Mavis stood near me at the entrance as Tanga, Morero, and Aagar finished on the stage. It was weird seeing it all set up, professional like, when there were no rows of chairs, no audience, only the camera woman, Mrs. Levendal with a clipboard, and two matric students working the lights and sound. When they finished, our applause sounded hollow, echoed, it gave me the chills.

“Don’t you back out now,” hissed Mavis.

I straightened my shoulders as Mrs. Levendal and the group approached.

“Listen,” I said, as they stopped in front of me, “I decided to do something different this year.”

“I see,” Mrs. Levendal said, looking me up and down.

“Problem?” I said, lifting my heavily made up chin. She couldn’t see much under Ma’s wool coat, but it was a classy one, cut for a woman’s figure, and fell just below the knee, leaving my sparkly heels in full view.

She shook her head. “No, no, it’s fine. It’s only,” she looked into my eyes, framed with false eyelashes, “unexpected.”

The beatboxers cracked up, but through their mirth Taga said, “It’s always the quiet ones that surprise you. Who knew Theo could really dance.”

“More flexible than I am,” Mavis said.

Morero swallowed her laughter. “And this, I want to see.”

Mrs. Levendal shifted on her feet, glancing at her clipboard. “Not really supposed to have––”

“We’ll stand two meters apart,” Aagar said.

“Ja,” Mavis said.

“Three meters if you want,” Taga said.

“In the back,” Morero said.

Mrs. Levendal threw up her hands. “Fine, fine, let’s do it. I have two more groups after,” she gestured to me, “whatever this is Theo is doing.”

“Draaaaaag,” Mavis grinned, “and Miss Fassie Fitzgerald can werk it.”

I took to the middle of the stage and stood in darkness. The music began and the spotlight turned on, creating a tunnel of light around me. As I slowly lifted my painted face to the camera, I began lip-syncing to the song I’d selected. It wasn’t jazz, although I’d considered it. Nor was it the latest rage.

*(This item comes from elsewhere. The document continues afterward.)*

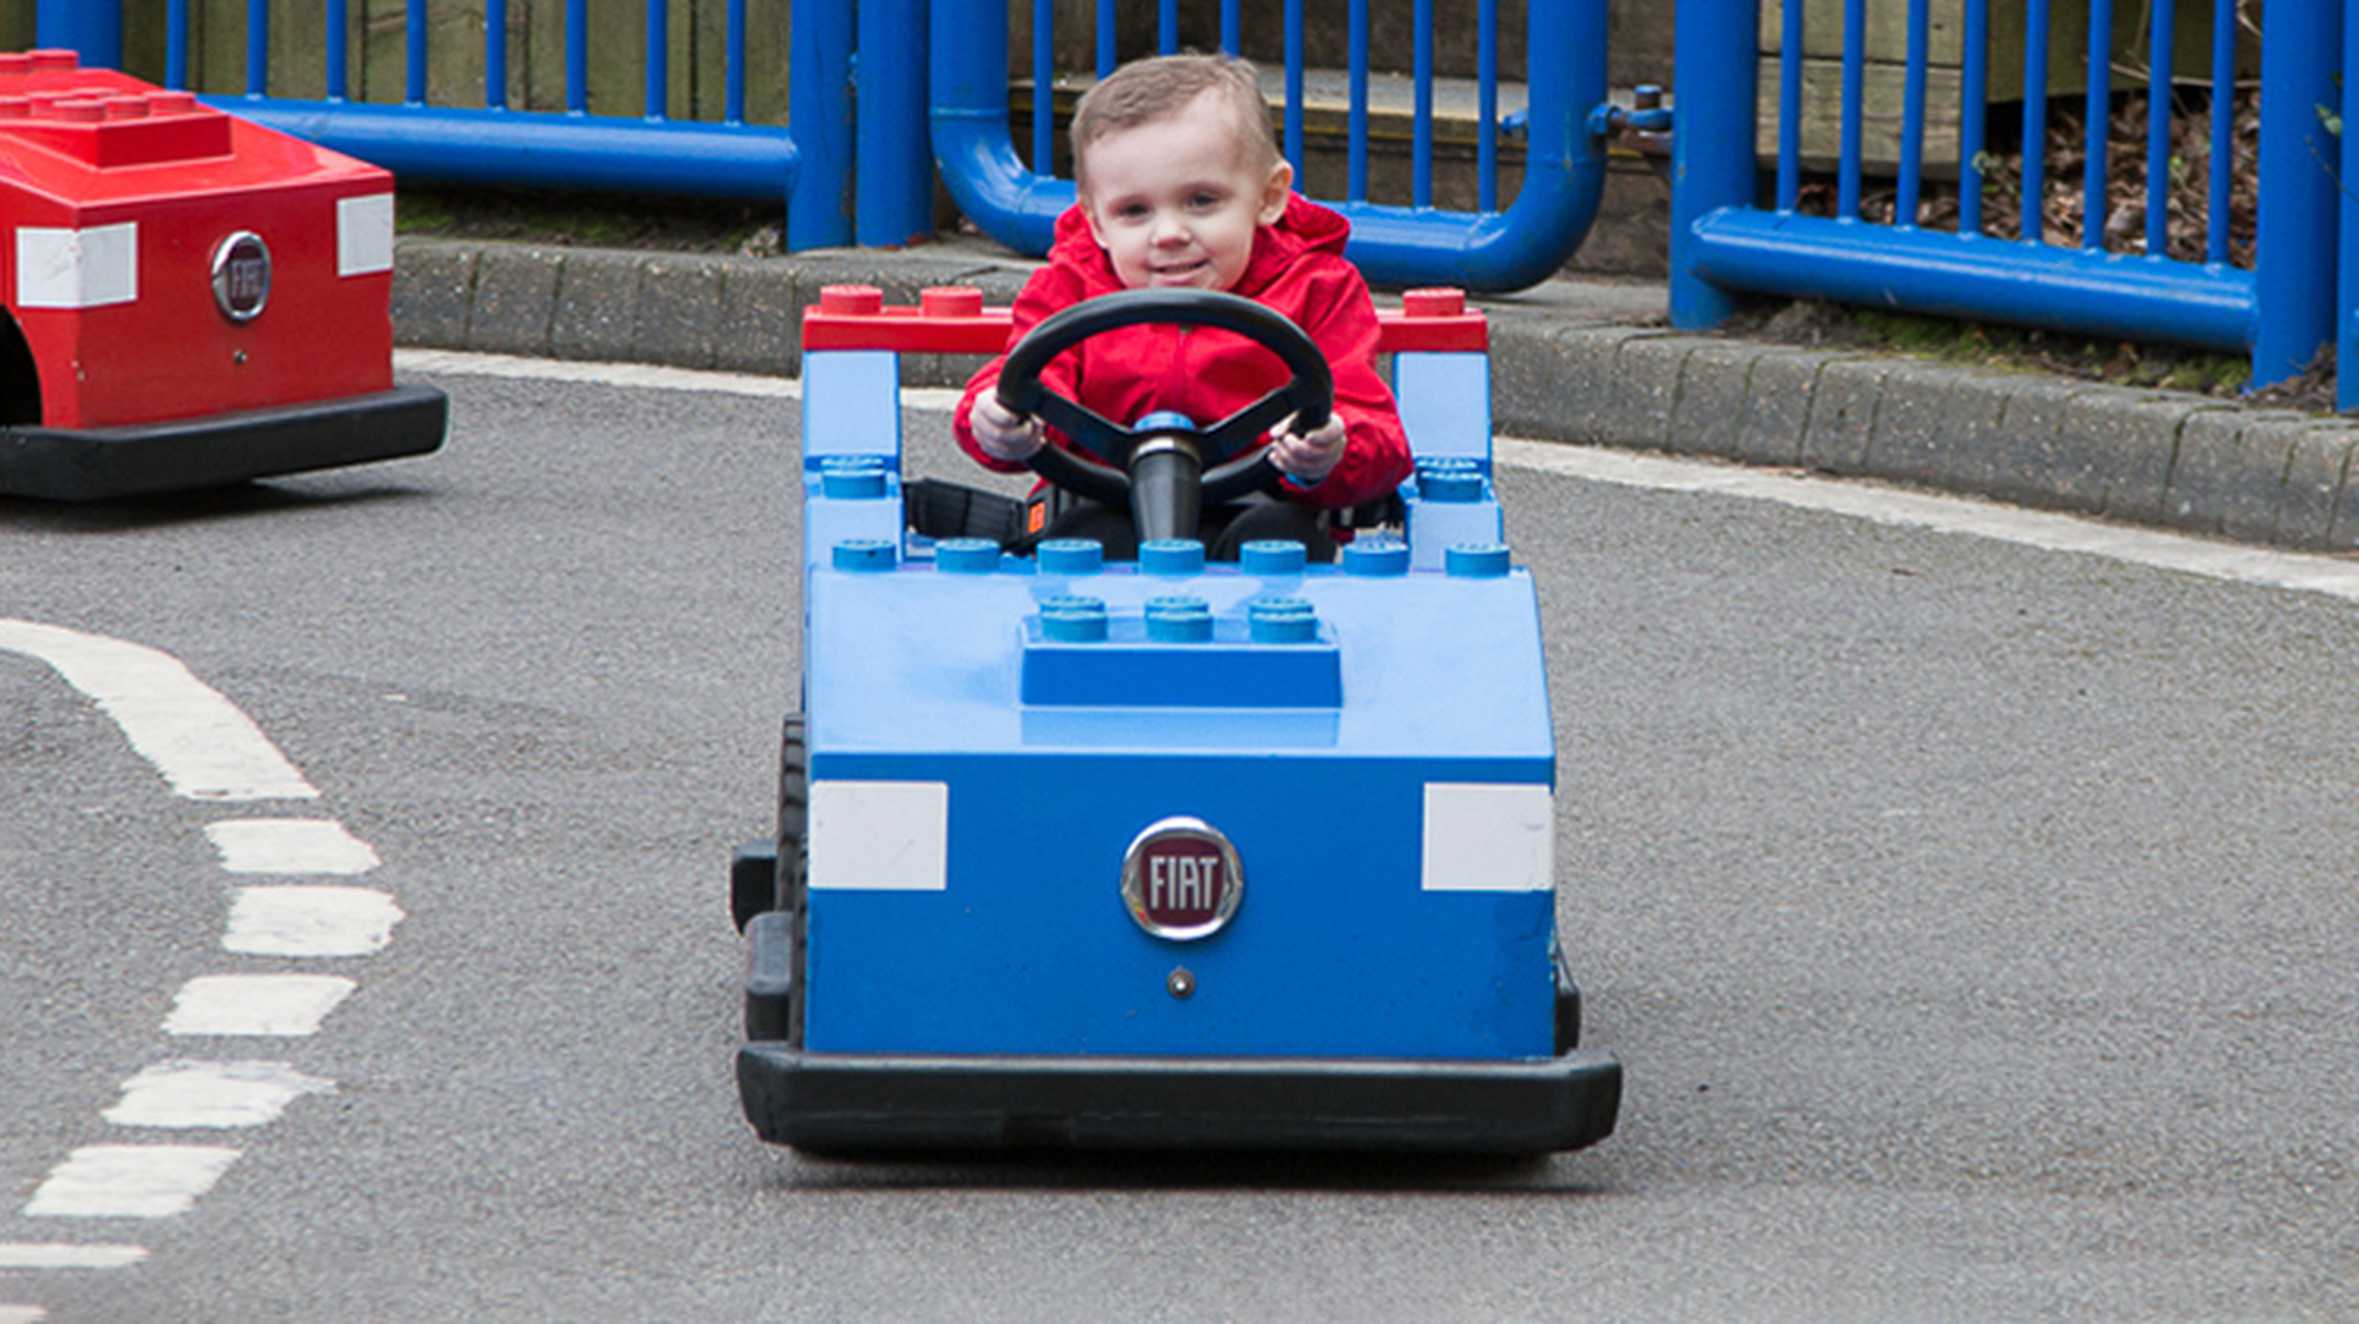 Zak driving a blue Lego go-kart, during his trip to Legoland.

But “This Is Me” from The Greatest Showman was all kinds of perfect for my first public appearance as Miss Fassie Fitzgerald, Drag Queen extraordinaire.

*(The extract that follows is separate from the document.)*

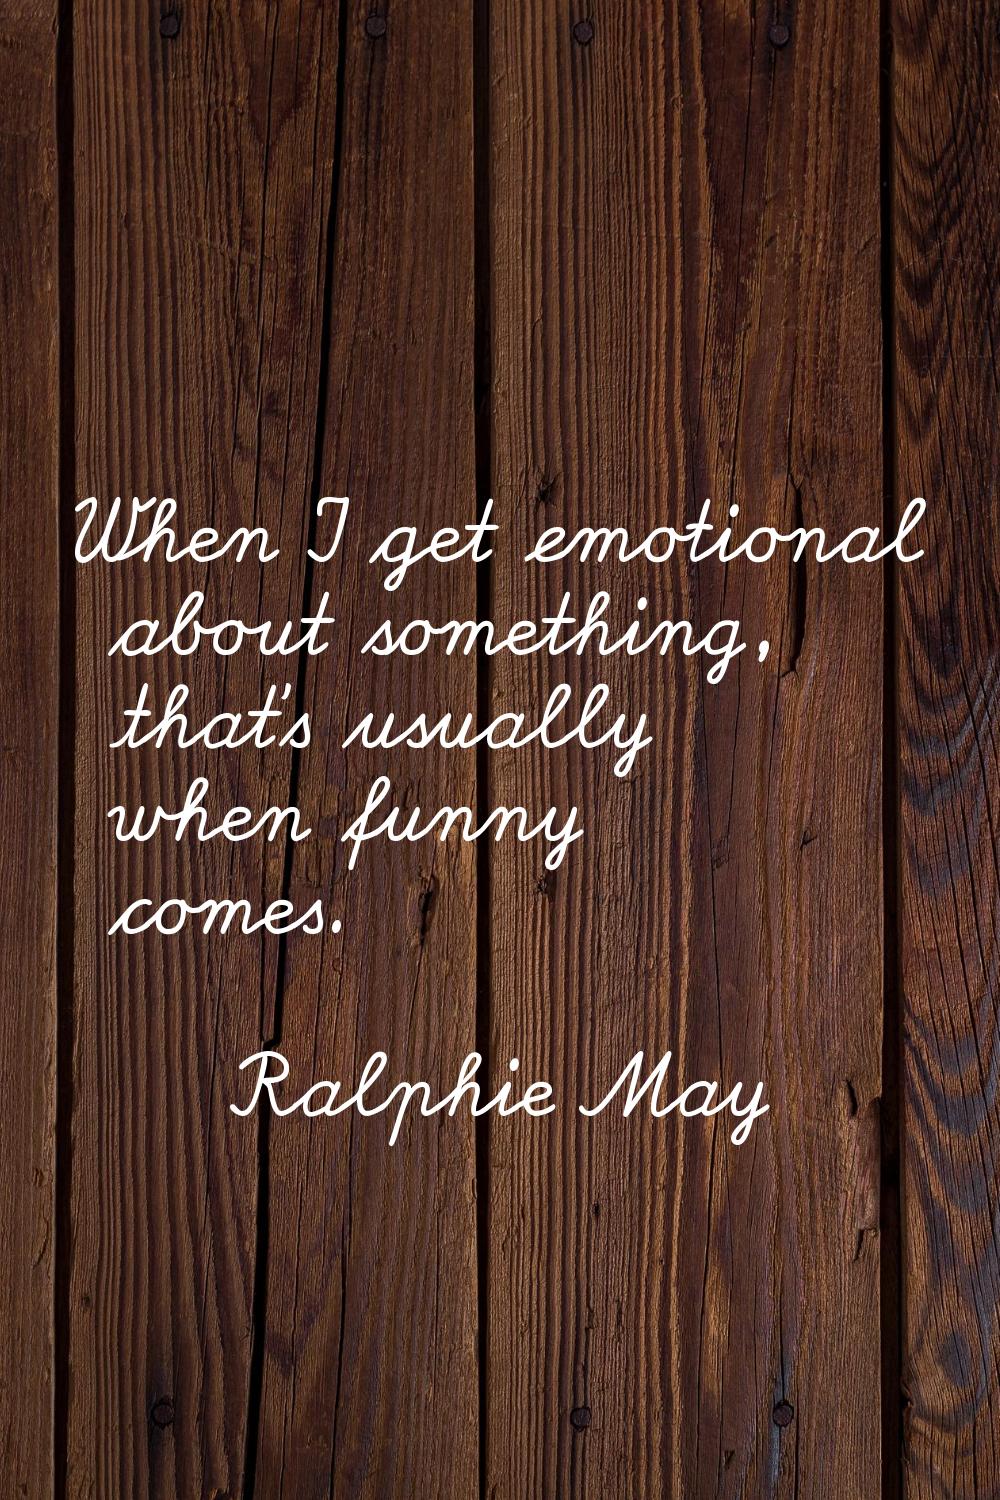 When I get emotional about something, that's usually when funny comes.

The music shifted, my coat dropped, revealing my mother’s white vintage Latin dress, and I began to dance for my life. Despite being told to be quiet, my friends began cheering, clapping, and whistling in the background. As I spun, strutted, and arched my back, I felt myself own that stage. When I nailed the death drop, the cheering from the back went crazy.

Too loud.

It hit me that it wasn’t just my friends back there ignoring the ‘rona rules, but possibly most of Group A and for a split second, so fast light couldn’t have caught the emotion, I felt fear.

But then I snapped my head back towards, the camera, reached for ceiling, as my legs stretched, long, lean, and strong, eating up the stage underneath me, and the next spin it felt as if somebody was lifting holding my waist, making sure I had my balance, even as I transitioned into a dip, with my leg extended up towards the heavens.

In that moment I knew my daddy was with me. That he understood that I wasn’t quitting the trumpet, I was just taking a moment to regroup and show another side of me. Because being a trumpet player was me, but so was Miss Fassie Fitzgerald. And with that, I struck the final pose, and the crowd in the back went nuts. It took another half a beat before I realised the loudest person was Mrs. Levendal, smacking her clipboard on her thigh, as she let out a piercing whistle that her facemask didn’t have a hope of holding back.

But the best moment was when I came off stage, replaced my facemask, and Mavis handed me my phone. There was a WhatsApp message from Ma: Saw the whole thing via WhatsApp video. You were sickening. I am totally gagged. Love you, my boy.

Those words meant everything. Because while I knew Ma would still have questions of my new way of self-expression, and worries that the world remains unsafe for people like me, it is a lot easier to be brave with love and support behind you.